Clawback Updates: Freeze of Unvested Awards in the UK and Potential for Final Clawback Regulations in the US
March 02, 2022
What’s a company to do when engaged in an investigation that might result in the clawback of an executive’s awards?
Although a useful tool in recovering vested or paid awards, most stock plan professionals wince at the idea of having to undertake a clawback of already paid compensation. Why? Because it’s much harder to acquire something that has already been issued.
As such, when a company begins to investigate a matter that may lead to a clawback, what advance options are available? Recent actions in the United Kingdom by financial firm Barclays PLC might contain an answer, at least for UK companies.
In late February, Barclays announced that they had “frozen” all unvested share awards for their former CEO. The reason for the freeze is an ongoing investigation into alleged connections between the former executive, Jes Stanley, and Jeffrey Epstein.
A vesting freeze means that should the investigation warrant a clawback of awards, it will be easy to simply cancel them. Some investigations can take months and placing a vest hold eliminates further issuances of awards during the investigation period.
Barclays is in the United Kingdom, and both the Financial Conduct Authority (FCA) and the Prudential Regulation Authority (PRA) expect certain companies to freeze award vesting for individuals who are undergoing an internal or external investigation that could result in performance adjustments, such as the application of malus and clawback. This point is covered in a recent Tapestry Alert, “Former CEO’s awards suspended, pending investigations.”
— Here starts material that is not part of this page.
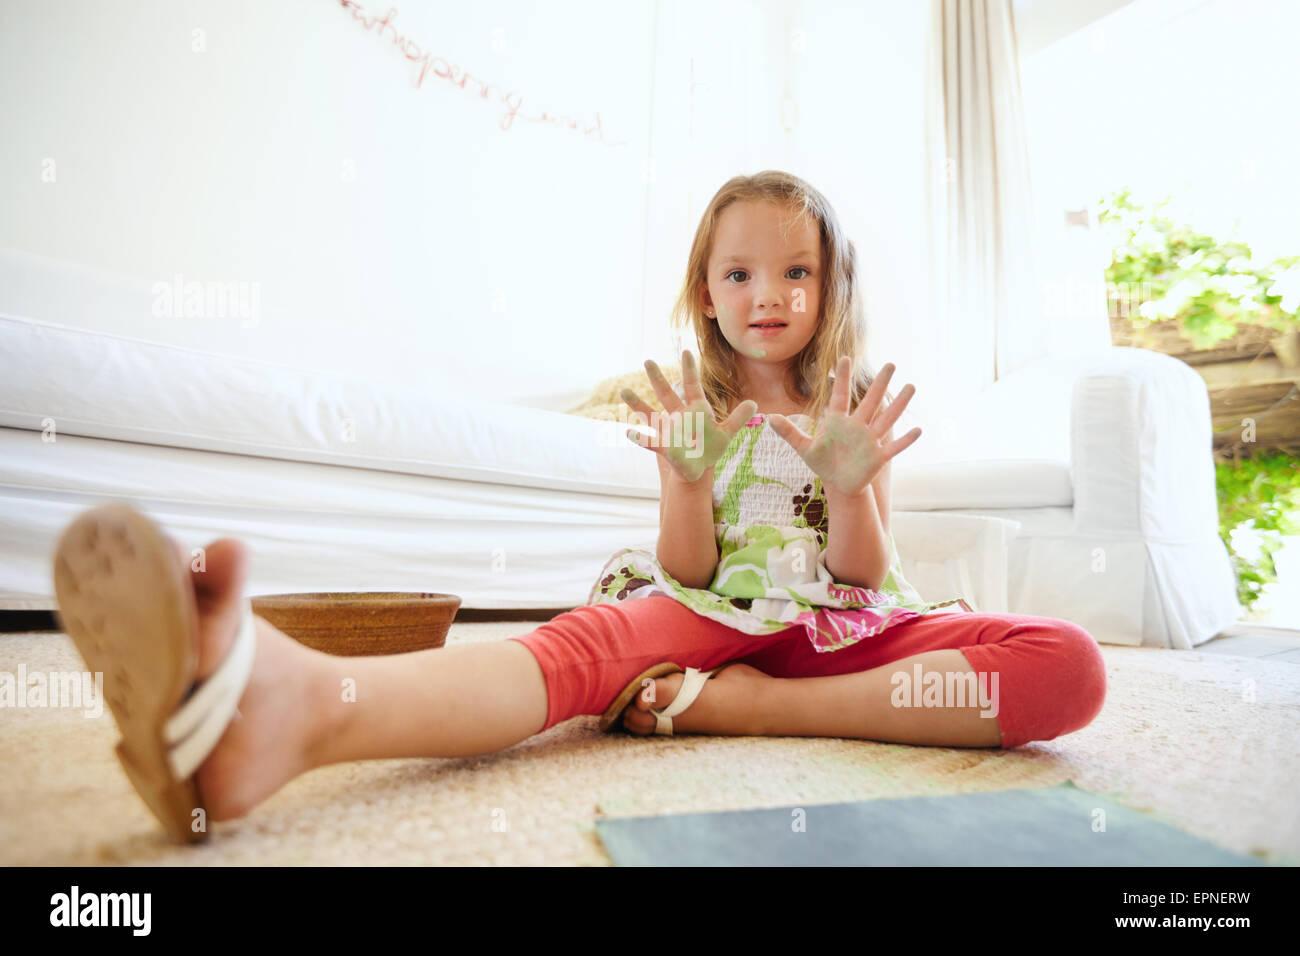 Retrato de hermosa niña divirtiéndose mientras la pintura. Colegiala sentada en el piso en casa mostrando Imagen De Stock

The Tapestry alert also points out that:
“It is widely accepted that malus (reducing or cancelling unvested or unpaid awards) is easier to enforce than clawback (recovering vested or paid awards). Where investigations are ongoing, suspending the vesting of awards is a useful way to extend the period during which malus can be operated. Companies could also extend the applicable clawback period in these circumstances, where necessary.
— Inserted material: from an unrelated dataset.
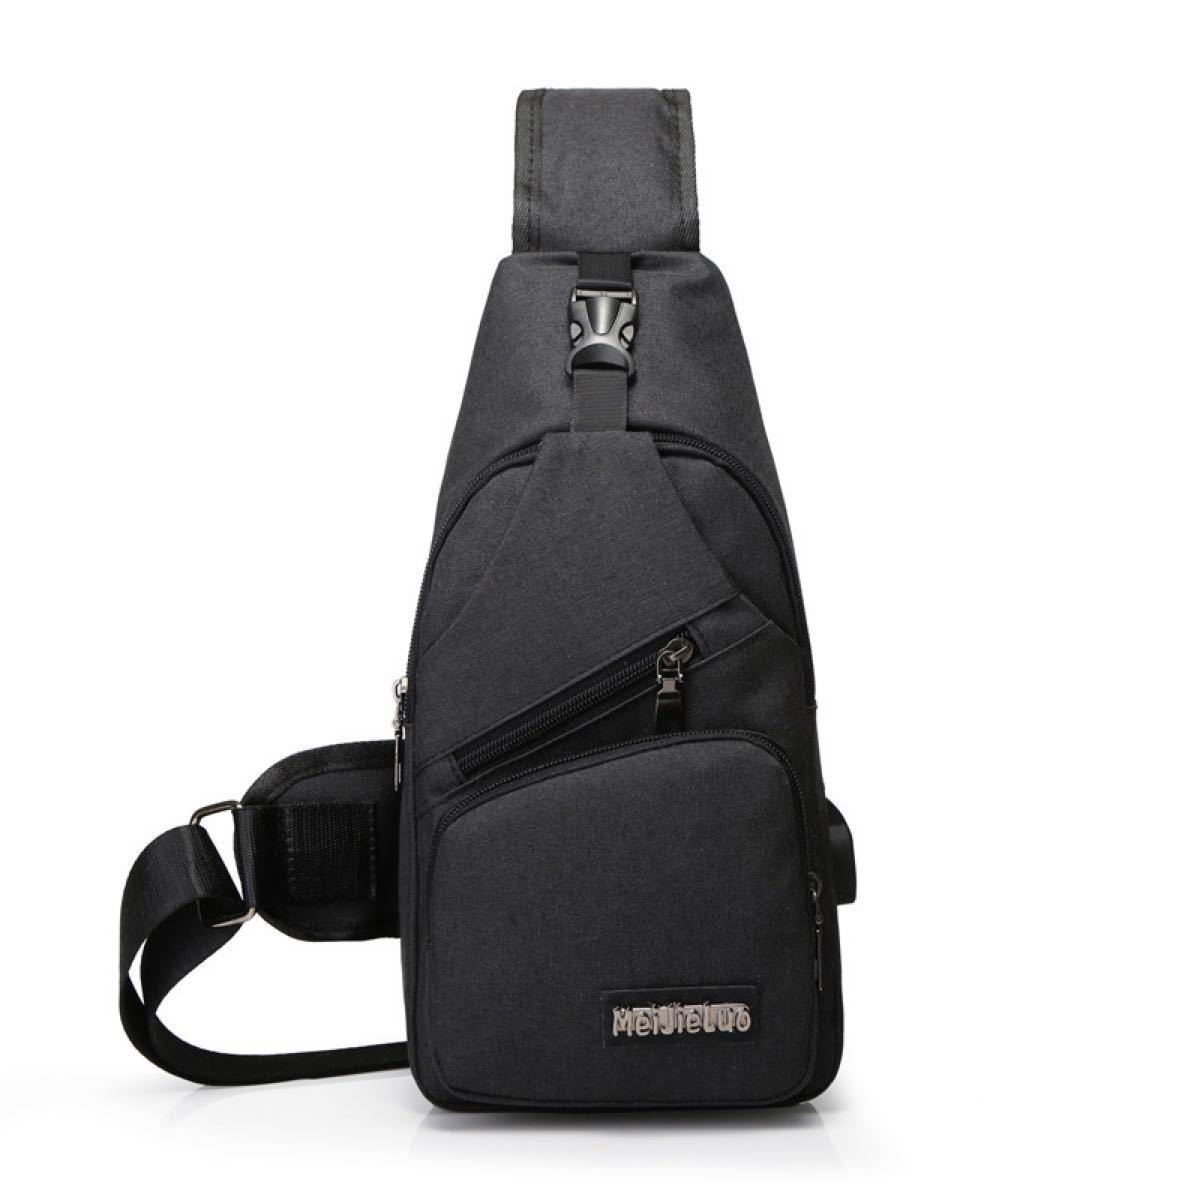 ボディバッグ ショルダーバッグ  軽量 USBポート付き 斜め掛け おしゃれ  メンズバッグ ワンショルダー

Companies should ensure they have a clear and robust contractual basis to suspend the vesting of awards and extend clawback periods in these circumstances. This can be achieved through carefully drafted “investigation provisions” in share plan rules and malus and clawback policies.”
Proposed clawback regulations in the U.S. may become final in 2022
In the U.S., expectations for clawbacks are a different story. For one thing, there is currently no regulation that dictates a freeze of unvested compensation during an investigation. In fact, implementing clawback regulations in general have been on the SEC’s rulemaking agenda for years.
In a move that suggests final rules may come in 2022, the SEC recently re-opened comments on proposed clawback rules that date back to 2015. Subsequent to that, the SEC modified it's draft regulations, broadening the proposal.
While awaiting final clawback guidance (which we've been doing for years now), companies can proactively consider the impact and timelines of pending investigations when drafting or modifying their clawback policies.
In the U.S., law firm Sherman & Sterling offers a Clawback Policy Considerations Checklist, a good starting point for companies to implement or evaluate clawback related policies and procedures.
A recent Skadden article explains the status of clawback rulemaking in the US. It’s possible, but not certain, that regulations may finalized in 2022.
In the meantime, Skadden suggests that “companies may want to use this opportunity to review their existing clawback policy (or adopt a new policy, as necessary) and should continue to monitor developments with respect to the finalization of the clawback rules.”